I ain't even going to pretend that these are the best movies of the year, because to you they may not be. I don't even want to hint that my taste is somehow better than yours and that these 10 movies are essential to your cultural health. They're not.

Instead, I'm simply going to tell you why these are my favorite movies of the year. If they sound interesting to you, I hope you check them out and tell me what you think. With that obligation out of the way, let's get to some honorable mentions.

Wonder Woman, It, The Post, Coco, Baby Driver, Thor: Ragnarok, Mudbound, Good Time and The Lost City of Z are wonderful movies. Some of them, like Thor, are some of the most fun I've had in a theater all year, others were absolutely heart breaking (Mudbound), terrifying (It), inspiring (The Post), or gave me a new soundtrack to obsess over (Baby Driver). They all do have one thing in common: They missed the cut.

Let's get to the top 10.

Phantom Thread

Phantom Thread is a lingering gothic romance about one very dysfunctional relationship. You have a particular genius, a fashion designer played by Daniel Day Lewis, who has a demanding schedule and painstaking attention to detail. There are no wasted minutes with him, and you either succumb to his needs or get out of the way - and if you do succumb to his needs you end up being pushed out of his way.

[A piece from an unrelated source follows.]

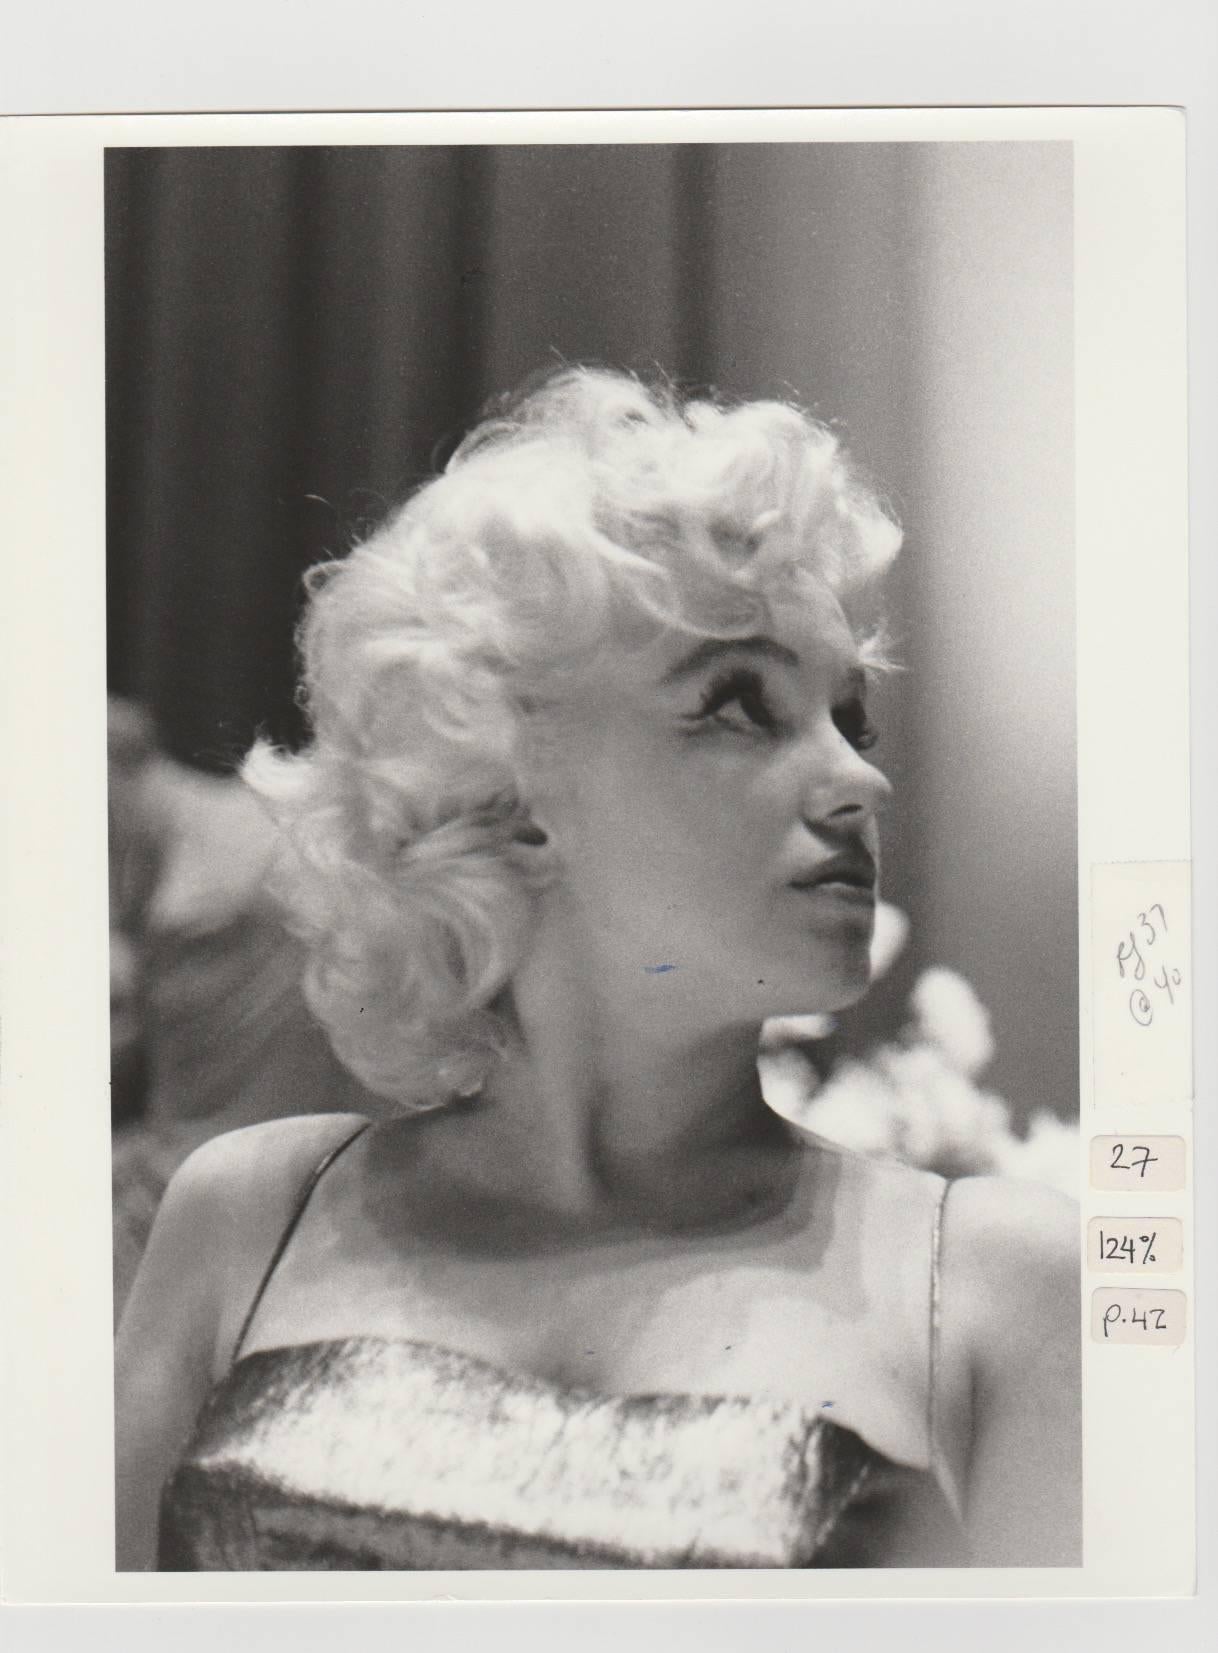 Edward Feingersh Black and White Photograph – Marilyn Monroe, Druck aus dem Jahr 1988 aus dem Originalnegativ

He meets Alma, played by Vicky Krieps, a woman who does not take this bullshit. Instead of bending around him, she finds ways to turn herself into a participant in this warped love story. Yet it works, and it works because it comes across as a dark fairy tale, a haunting romance with sadistic acts that, somehow, comes across as tender and sweet.

P.S. The soundtrack is the best muscial score of the year.

Guardians of the Galaxy Vol 2

Guardians 2 feels like it lost the attention battle to Thor: Ragnarok and Spider-Man: Homecoming in 2017, and that's a shame. What you have here is a rich story about characters coming to terms with their fathers legacies and of learning not to glorify the past too much.

Sure, it's wrapped up in an action comedy piece of spectacle, but it also manages to deftly balance hilarity, action and heartwarming feels. This is a superhero movie that's ultimately about how sometimes family are the people you choose, not the people you're stuck with.

Plus, the soundtrack is incredible. From George Harrison to Cat Stevens, I still listen to this soundtrack weekly.

The Florida Project

Walt Disney World is the happiest place on earth, it's where people from all over the world travel to spend thousands of dollars on a week of bliss. Yet, just a couple blocks down the road is extreme poverty. This dichotomy is always in the background of The Florida Project, which follows a couple of kids who have parents that are just scraping by in the rundown motels outside of Disney World.

That's the dichotomy in the foreground. The innocense of childhood with a backdrop of parents who are making decisions, sometimes terrible, to try to allow us to live our childhoods. These dual dichotomies really underline the sadness at the heart of The Florida Project, but it's not an outright sadness.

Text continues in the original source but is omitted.